• structure prediction;
  • molecular replacement;
  • de novo phasing

The prospect of phasing diffraction data sets `de novo' for proteins with previously unseen folds is appealing but largely untested. In a first systematic exploration of phasing with Rosetta de novo models, it is shown that all-atom refinement of coarse-grained models significantly improves both the model quality and performance in molecular replacement with the Phaser software. 15 new cases of diffraction data sets that are unambiguously phased with de novo models are presented. These diffraction data sets represent nine space groups and span a large range of solvent contents (33–79%) and asymmetric unit copy numbers (1–4). No correlation is observed between the ease of phasing and the solvent content or asymmetric unit copy number. Instead, a weak correlation is found with the length of the modeled protein: larger proteins required somewhat less accurate models to give successful molecular replacement.
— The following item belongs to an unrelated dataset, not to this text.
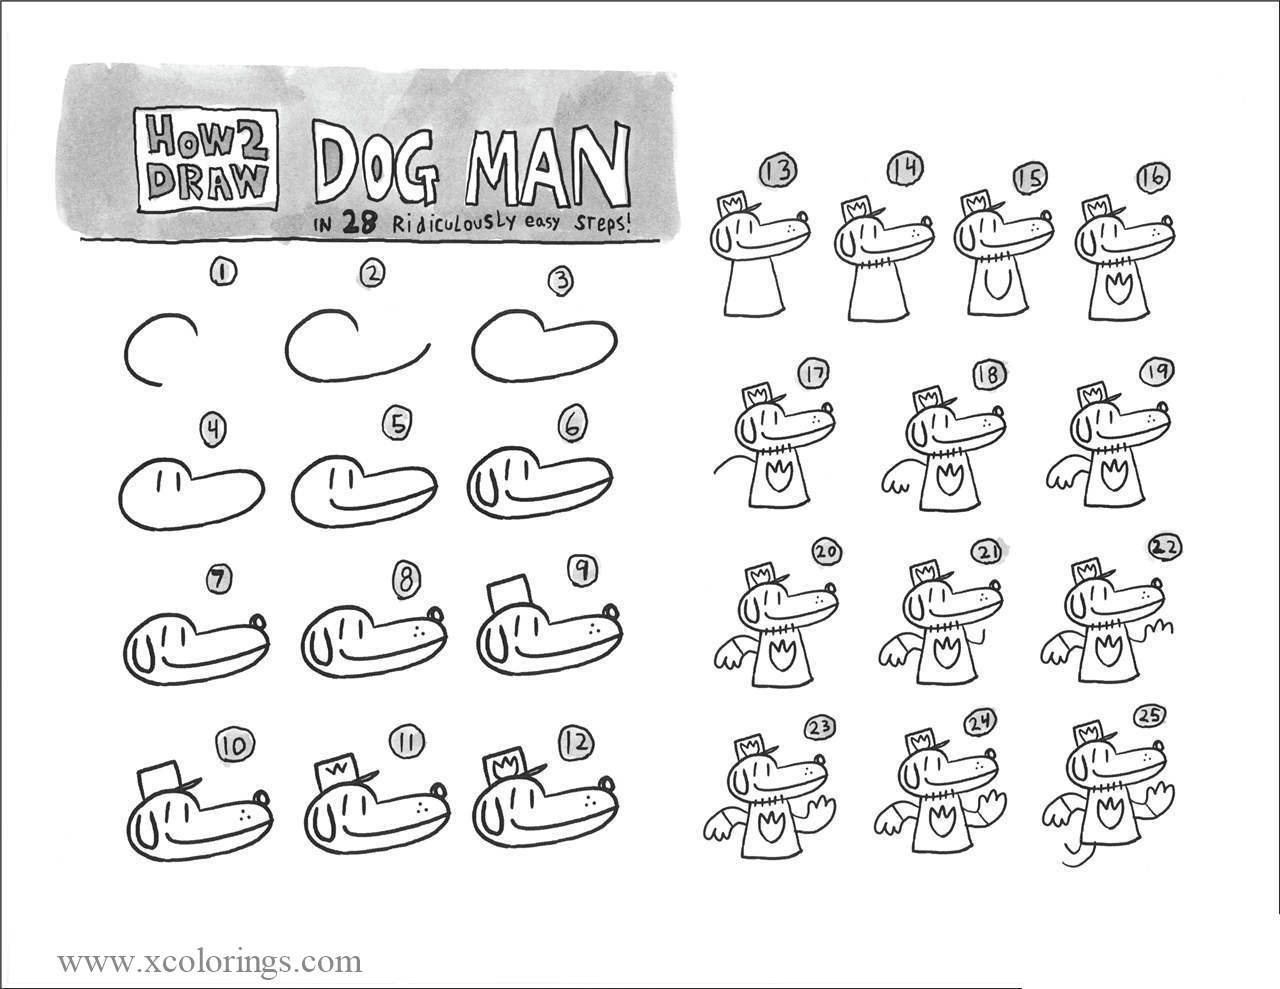 Free How To Draw Dog Man Step By Step Coloring Pages printable
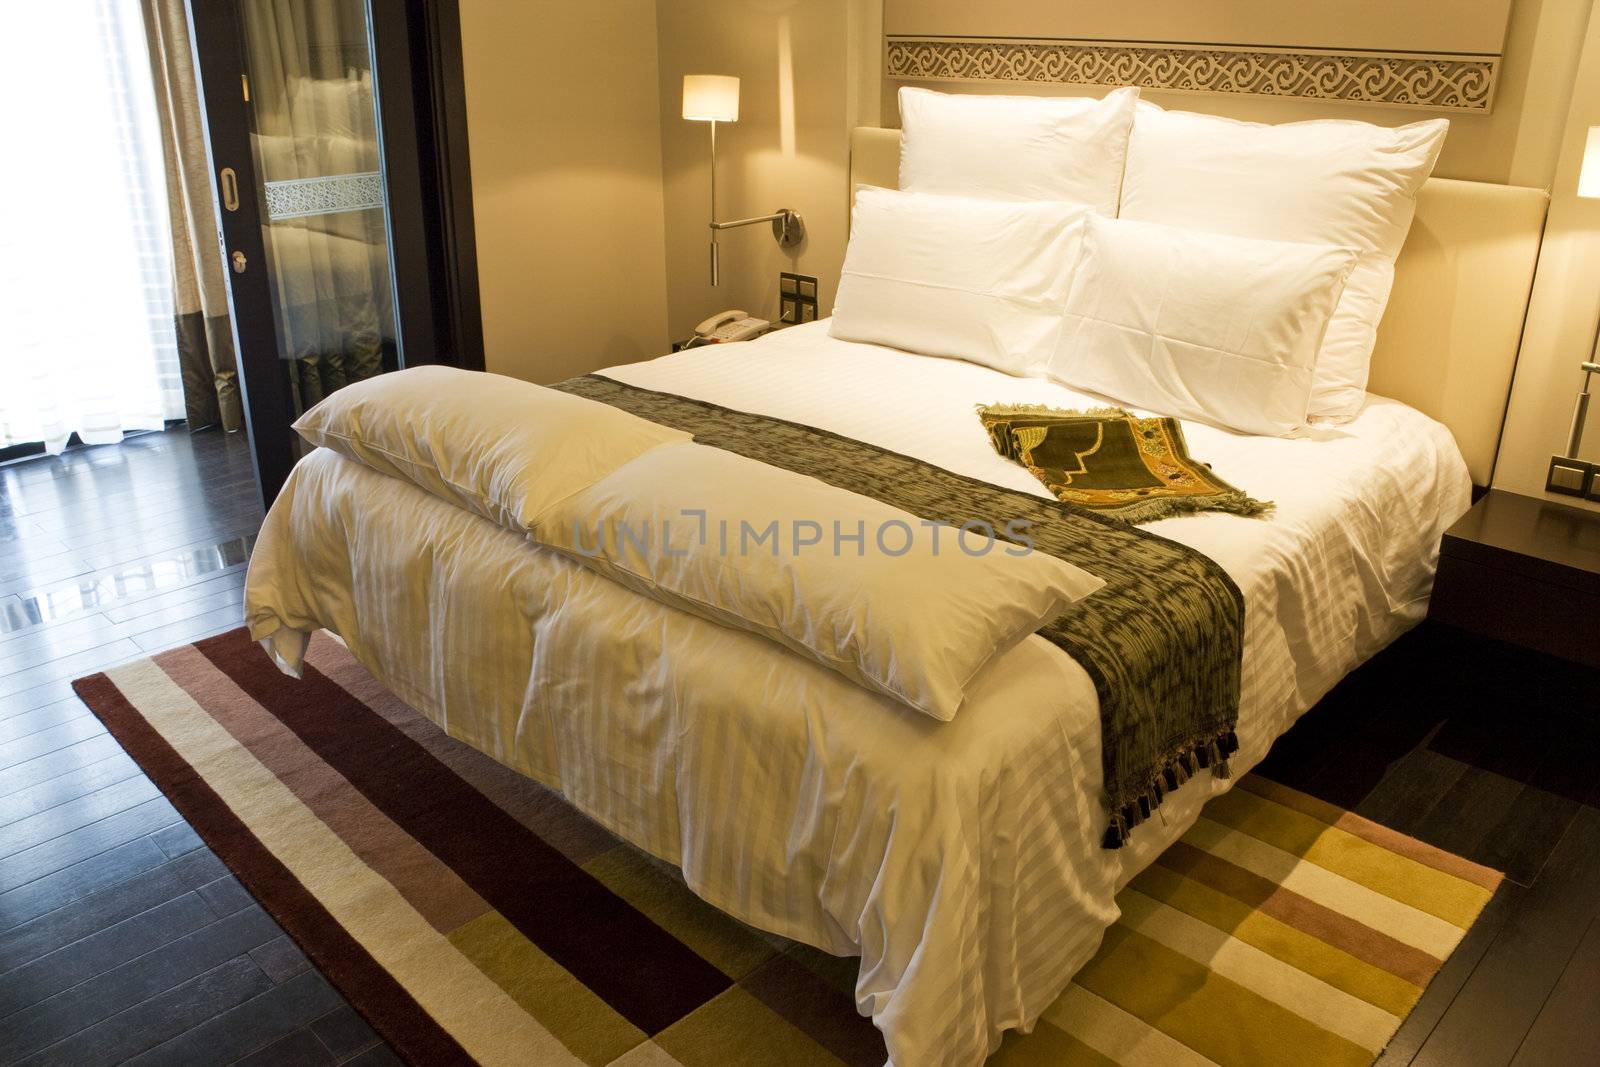 Image of a luxurious bed.

Overall, the results of this survey suggest that de novo models can phase diffraction data for approximately one sixth of proteins with sizes of 100 residues or less. However, for many of these cases, `de novo phasing with de novo models' requires significant investment of computational power, much greater than 103 CPU days per target. Improvements in conformational search methods will be necessary if molecular replacement with de novo models is to become a practical tool for targets without homology to previously solved protein structures.